Richard Mallory reports:
Vintage Wings of Canada’s annual aerial extravaganza, Wings Over Gatineau, has fast become one of the North America’s “must-see” air shows. Located in Gatineau, Quebec, just a few miles east of Canada’s capital, Vintage Wings of Canada has managed to gather participants from across the nation. Canadian Warplane Heritage (CWH) always provides a strong contingent; bringing their Avro Lancaster, Westland Lysander, Fairey Firefly and North American Mitchell this year. The CWH Lysander was a special treat, as Vintage Wings flew their example alongside it during the show; two Lizzies in the air together being a sight rarely seen anywhere in the world.

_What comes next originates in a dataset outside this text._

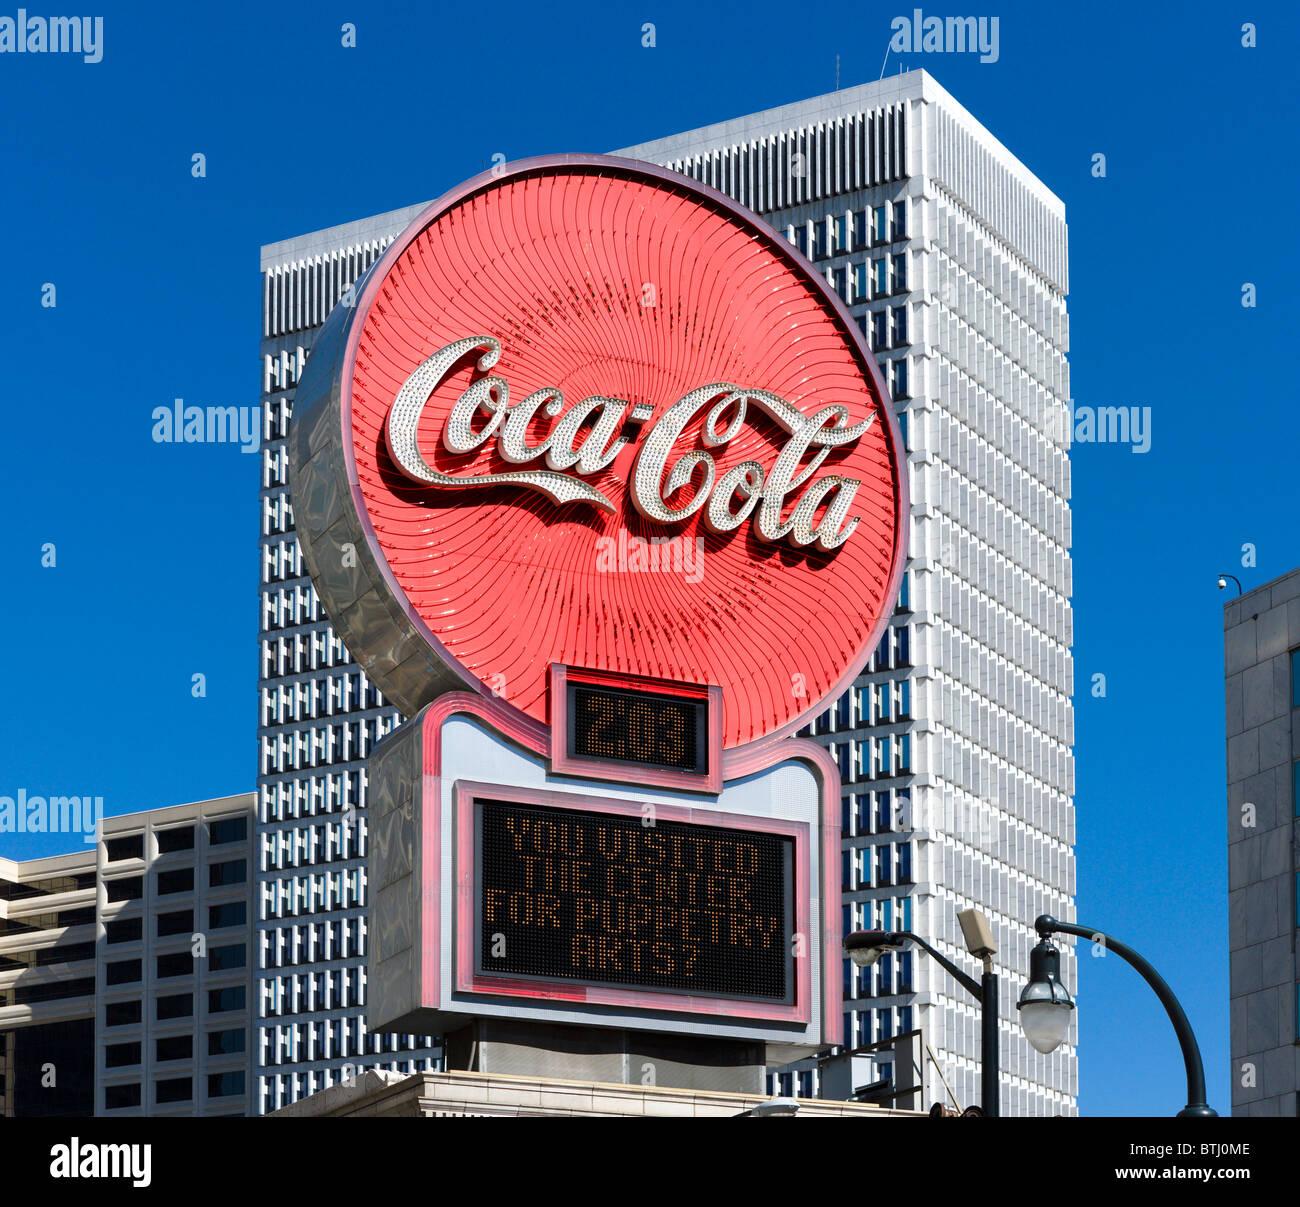 Coca Cola clock near Five Points, Peachtree Street, Downtown Atlanta, Georgia, USA - Stock Image

Vintage Wings of Canada has a cadre of pilots with unique credentials, more distinctive than probably any other flying collection in the world, with a half dozen or so being active or recently retired test pilots with the National Research Council just across the river in Ottawa, Ontario. Not only does Vintage Wings have this enviable collection of world-class professional pilots within their ranks, but also two of Canada’s astronauts as well, both of whom participated in Sunday’s show. Seemingly straight out of Hollywood’s Central Casting, freshly minted astronaut, Jeremy Hansen, flew Vintage Wing’s Sabre Mk.V early in the show.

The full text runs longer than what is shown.